Further, it is more preferable that the intermediate film contains 1 atom% to 25 atom% of Mn, 10 atom% to 40 atom% of Cu, 3 atom% to 20 atom% of Mo, and 0 atom% to 5 atom%. Fe, the remainder contains Ni and unavoidable impurities.

Moreover, the present invention is an invention of a Ni alloy sputtering target, which is used a Ni alloy sputtering target for forming the intermediate film, which contains a total of 15 atom% to 60 atom% of one or more elements selected from the group consisting of Cu, Mn, Mo, and Fe, and the balance containing Ni and inevitable impurities The Curie point is below normal temperature.

Preferably, the Ni alloy sputtering target contains 10 atom% to 40 atom% of Cu, and 3 atom% to 20 atom% of Mo, and the total amount of Cu and Mo is 15 atom% to 50 atom%.

Further, it is more preferable that the Ni alloy sputtering target contains 1 atom% to 25 atom% of Mn, 3 atom% to 30 atom% of Mo, and the total amount of Mn and Mo is 15 atom% to 50 atom%. .

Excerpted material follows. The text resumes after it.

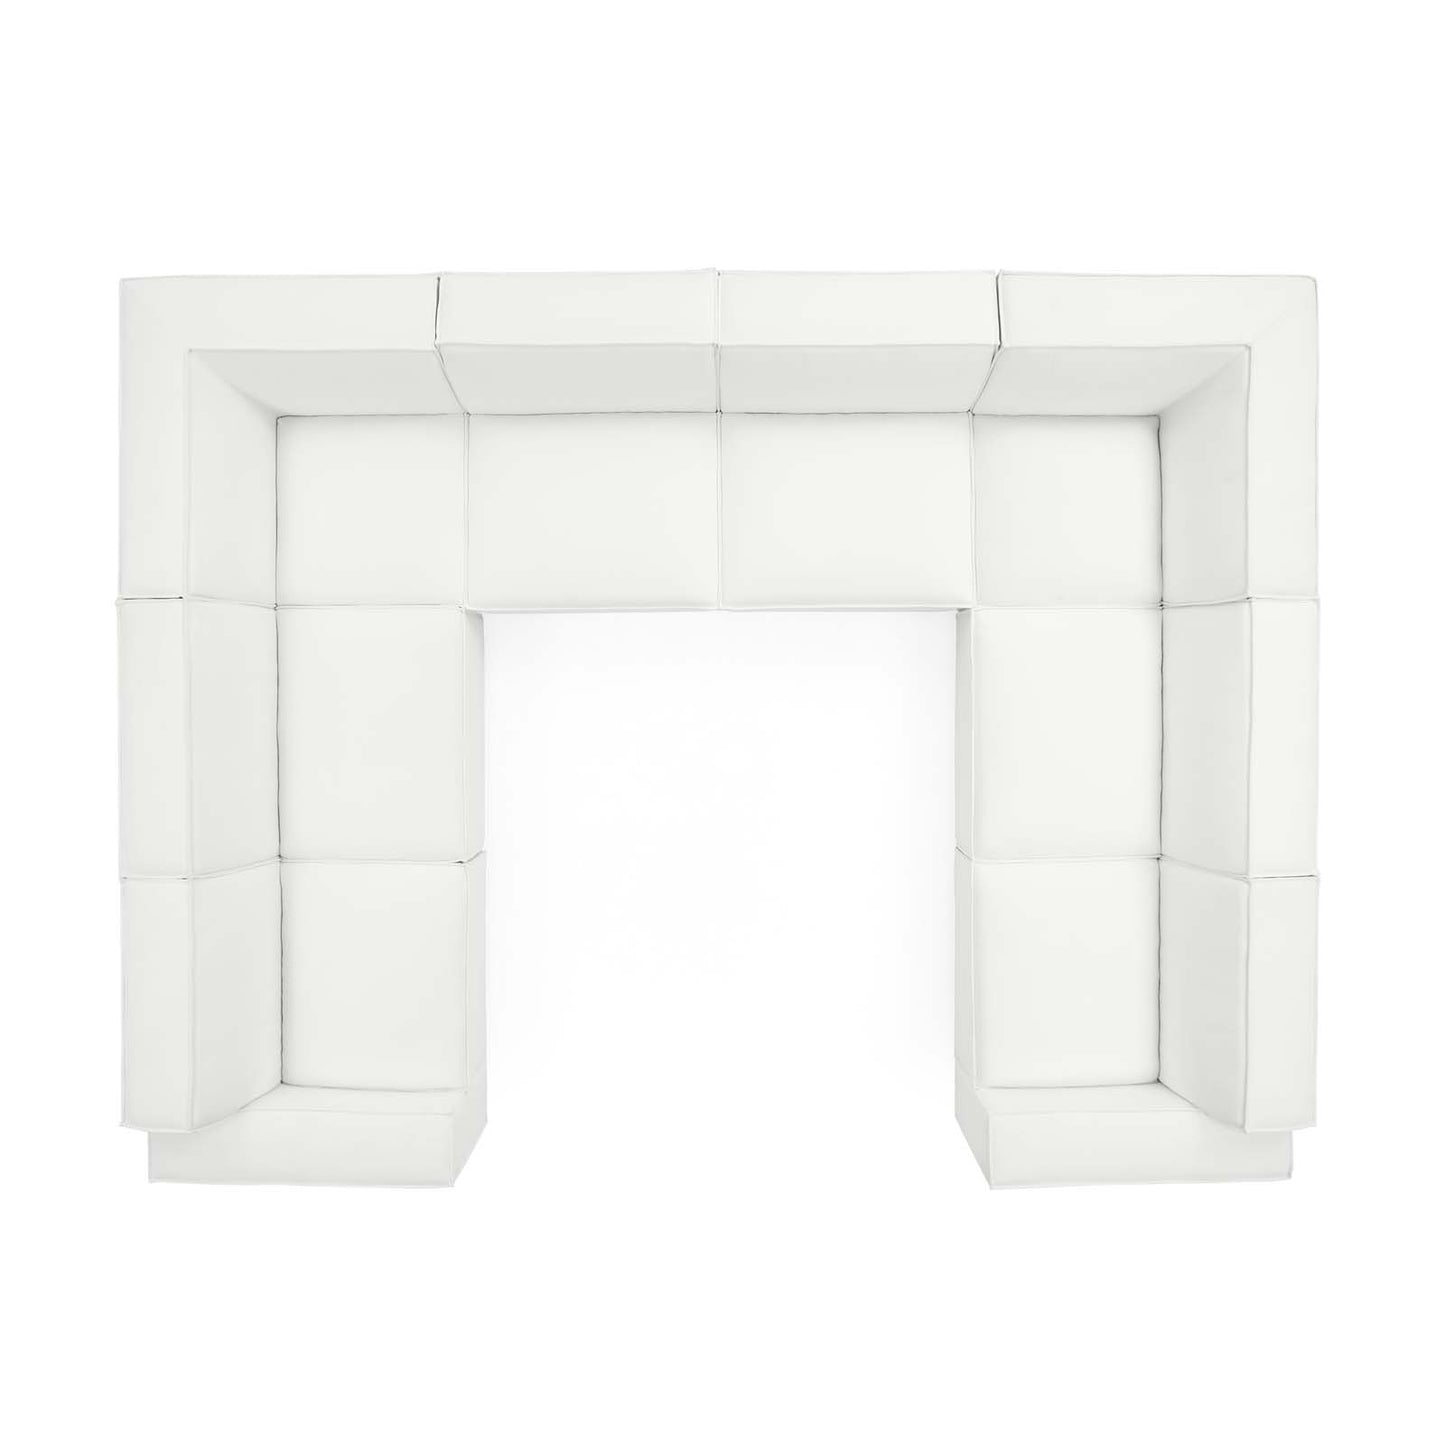 Restore 8-Piece Sectional Sofa White EEI-4121-WHI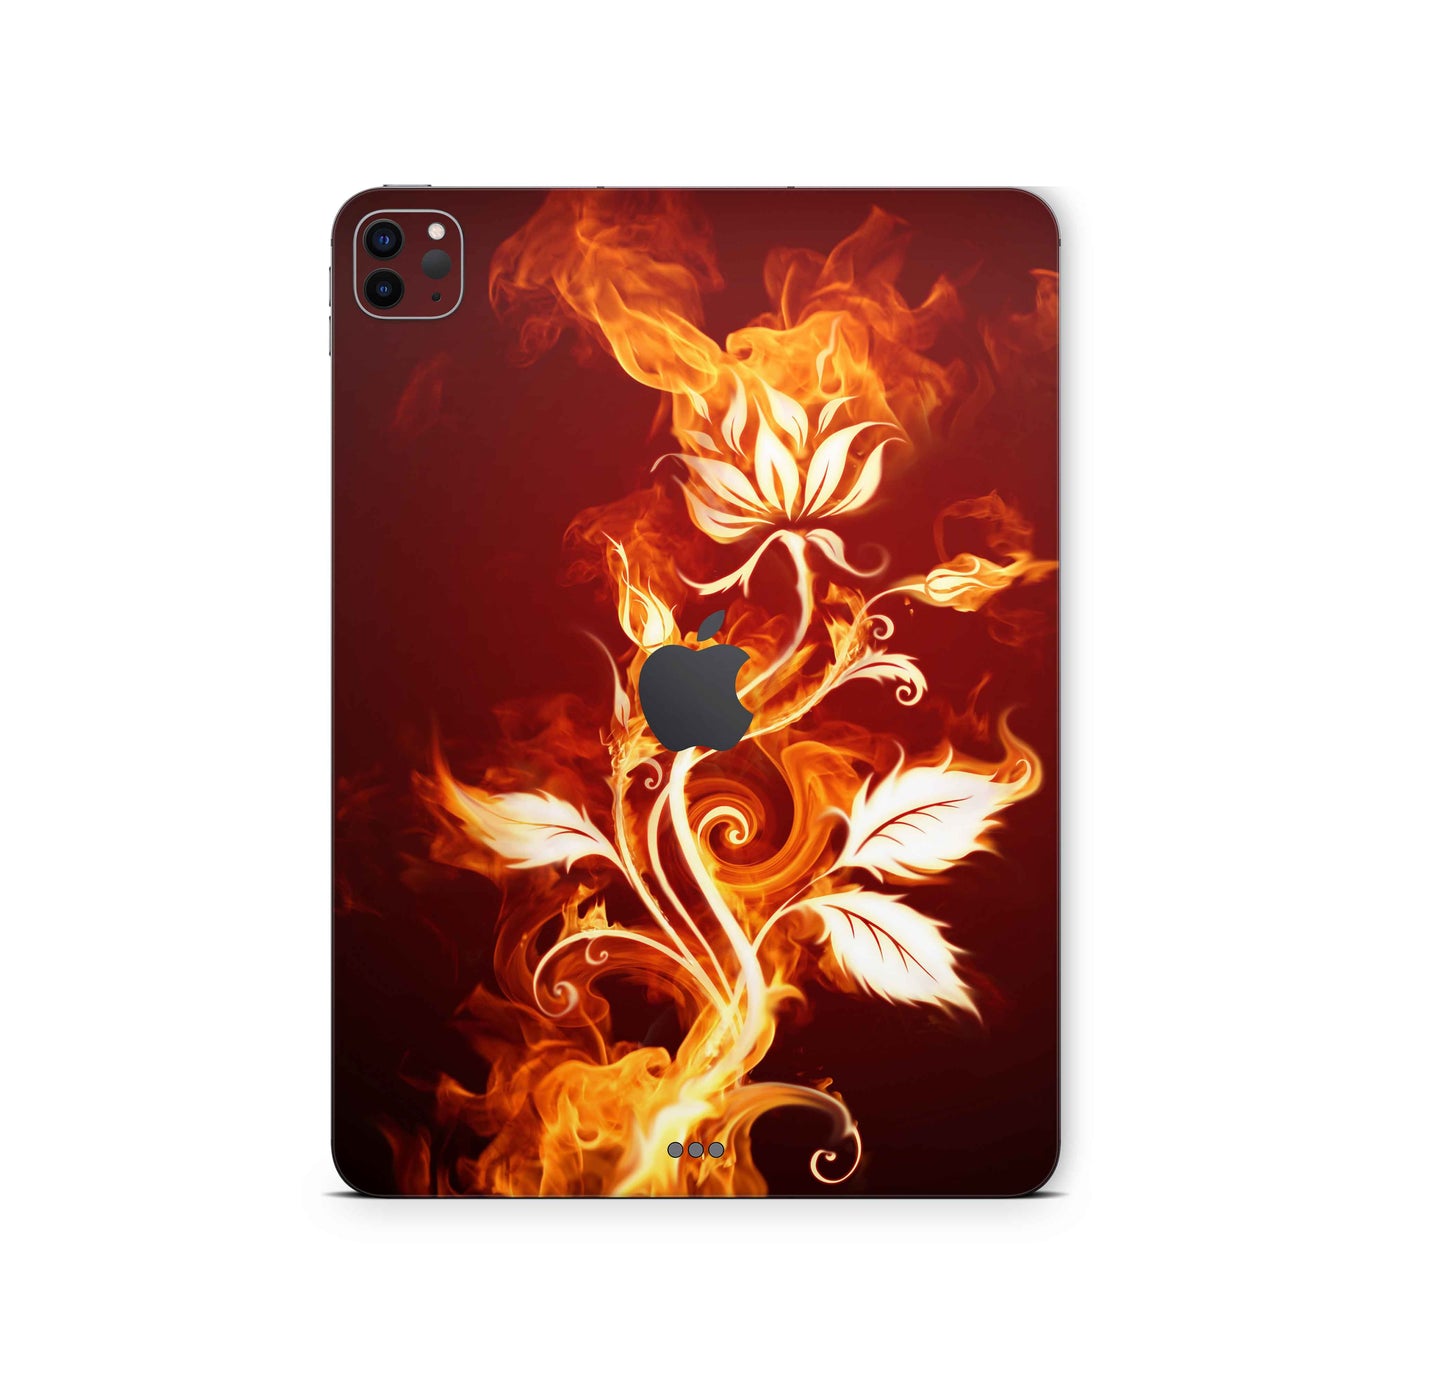 iPad Pro Skin 11" 3.Generation M1 2021 Design Cover Folie Vinyl Skins & Wraps Aufkleber Skins4u Flower-of-fire

Further, it is still more preferable that the Ni alloy sputtering target contains 1 atom% to 25 atom% of Mn, 10 atom% to 40 atom% of Cu, 3 atom% to 20 atom% of Mo, and 0 atom%. 5 atom% Fe.

The intermediate film is formed by sputtering using the Ni alloy sputtering target in an environment containing at least one of oxygen and nitrogen in an amount of 20% by volume to 60% by volume.

In the step of manufacturing a flat display device or a touch panel, the laminated wiring film of the present invention can achieve a low reflectance which cannot be obtained by a conventional electrode or wiring film in addition to stable wet etching properties. The display quality such as FPD is improved. Therefore, it is a useful technique for a next-generation information terminal such as a 4K-TV, a smart phone, or a tablet PC, or a flexible FPD using a transparent resin substrate, which is attracting attention as a higher-definition FPD. The reason for this is that in these products, especially the low reflection of the metal film is very important.

1‧‧‧Transparent substrate

2‧‧‧ interlayer film

3‧‧‧Electrical film

Fig. 1 is a schematic cross-sectional view showing an application example of a laminated wiring film of the present invention.

An application example of the laminated wiring film of the present invention is shown in Fig. 1 . The build-up wiring film of the present invention can be obtained, for example, by forming an intermediate film 2 on the transparent substrate 1 and forming a conductive film 3 on the intermediate film 2. Further, in FIG. 1, the conductive film 3 is made of a single material, but it may be laminated according to the required resistance value or the heating temperature or environment in the manufacturing step, and may be appropriately selected.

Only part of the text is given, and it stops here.